Your task — Each line of the listing, apart from the pictures, is to be printed exactly.

Data below —
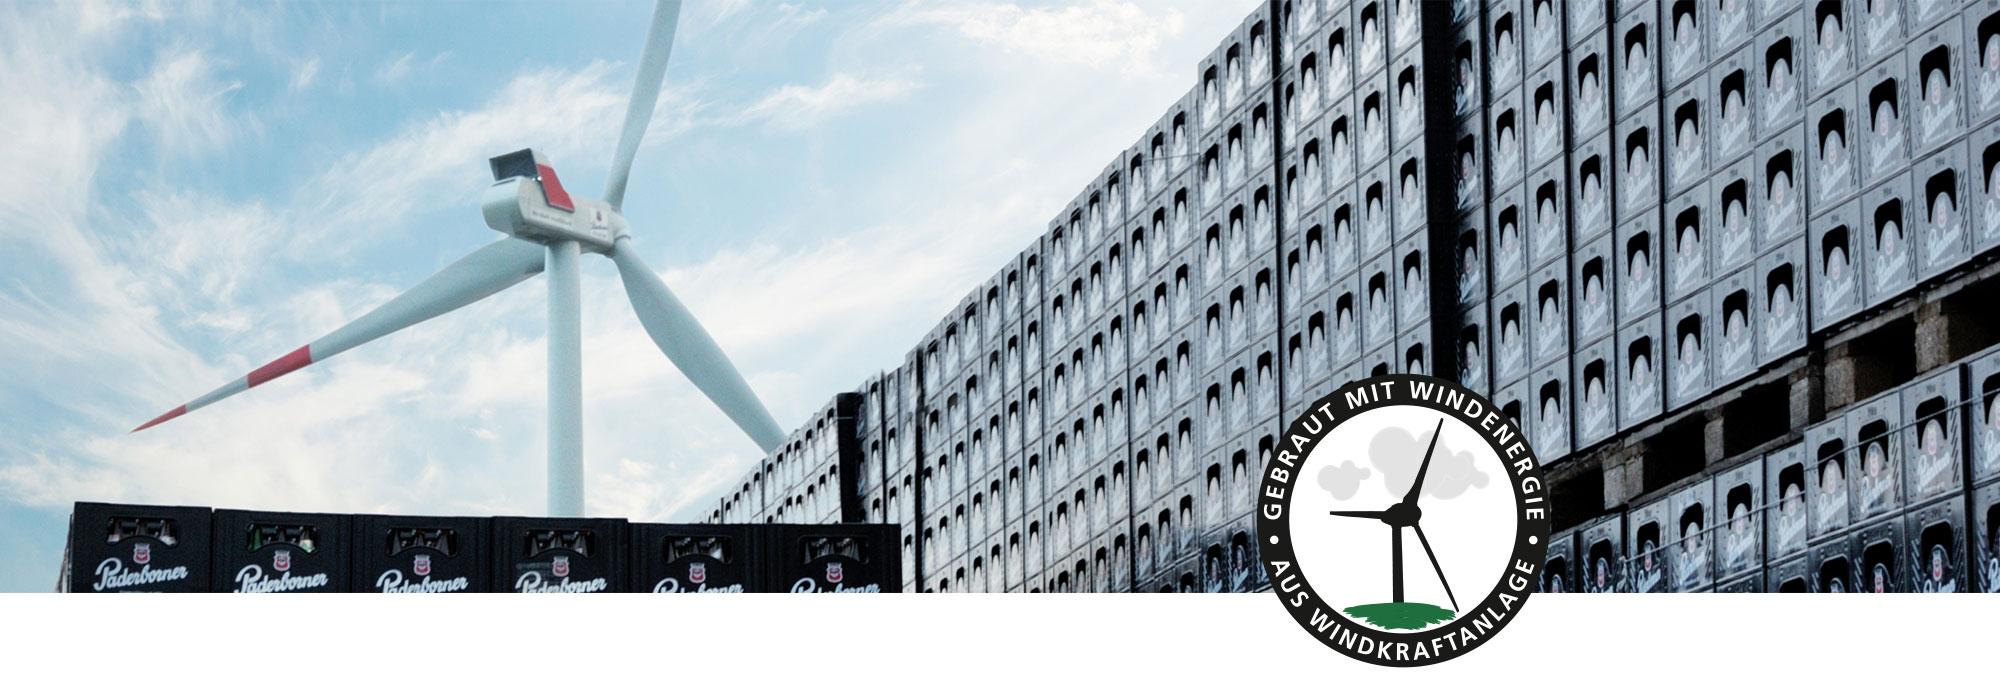 Paderborner Brauerei Nachhaltigkeit Windrad
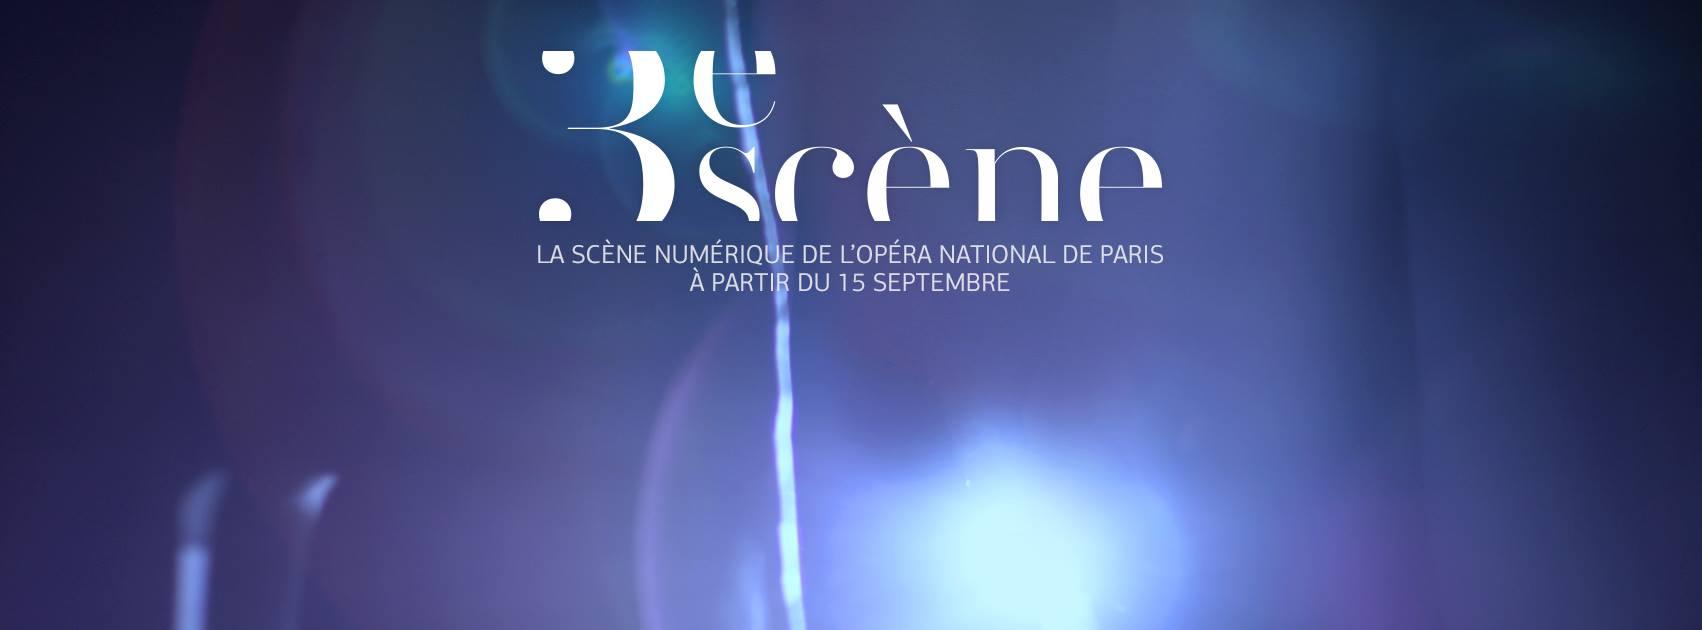 Opéra de Paris 3e scène
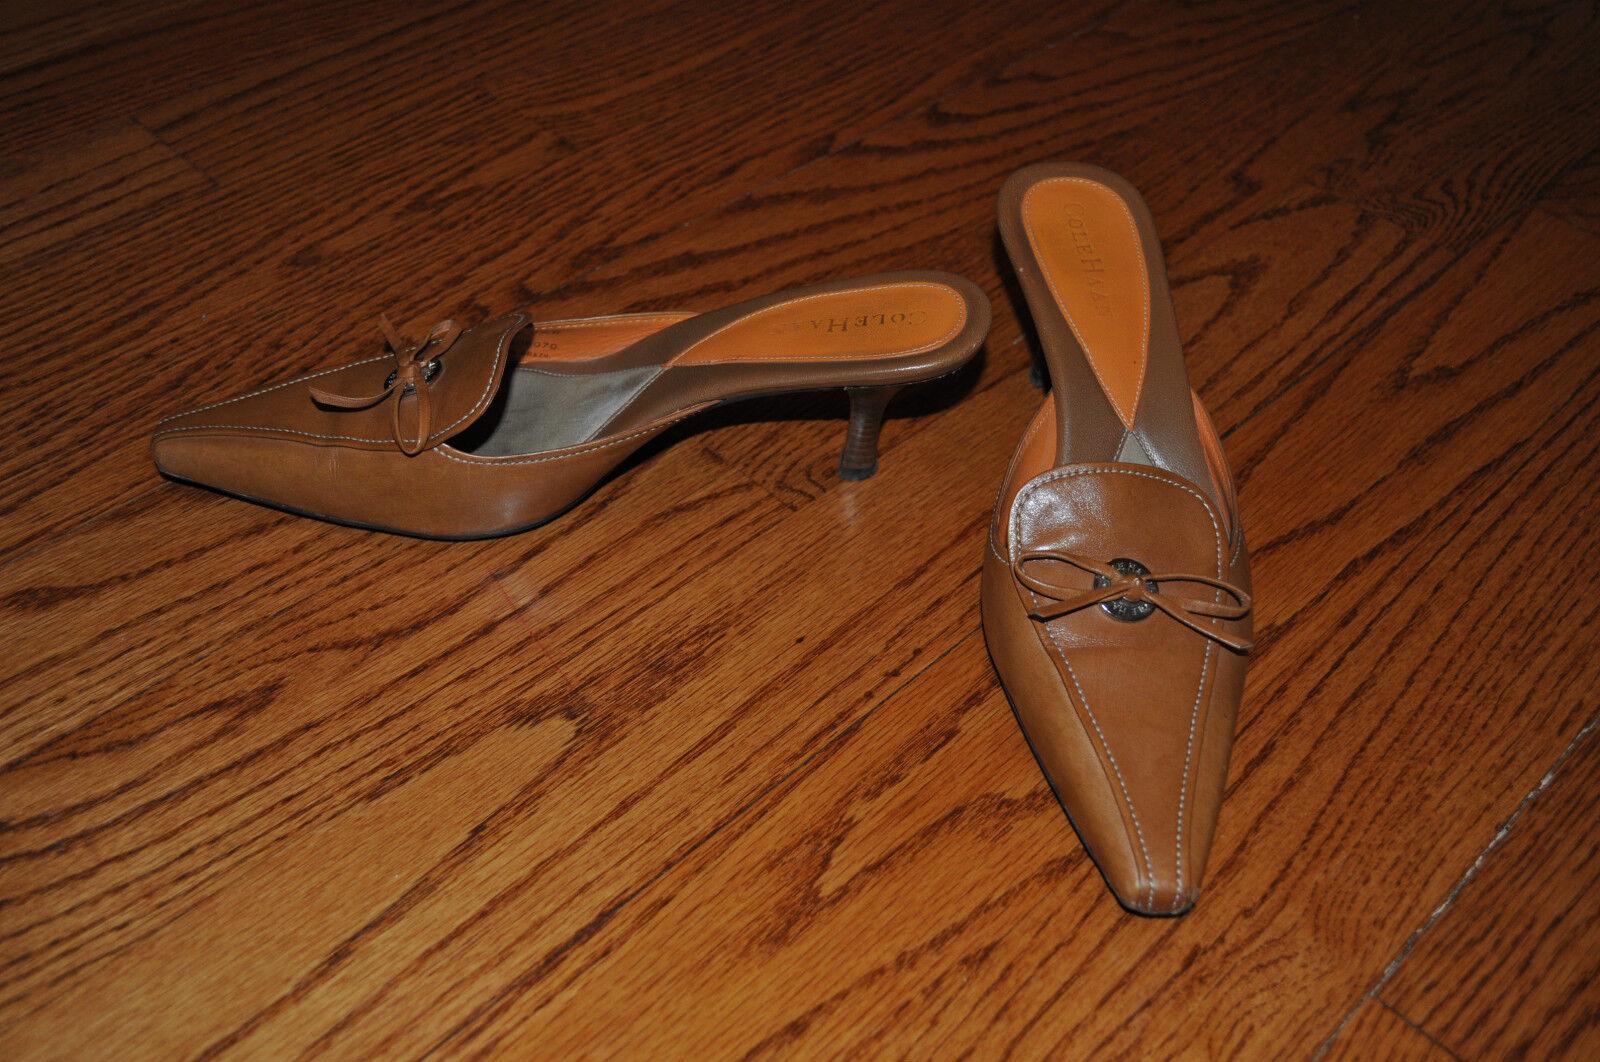 Damenschuhe 8.5 COLE HAAN Braun Leder HEELS Größe 8.5 Damenschuhe M MADE IN BRAZIL 70dc65

Answer for the task —
 Paderborner Brauerei Nachhaltigkeit Windrad
 Opéra de Paris 3e scène
 Damenschuhe 8.5 COLE HAAN Braun Leder HEELS Größe 8.5 Damenschuhe M MADE IN BRAZIL 70dc65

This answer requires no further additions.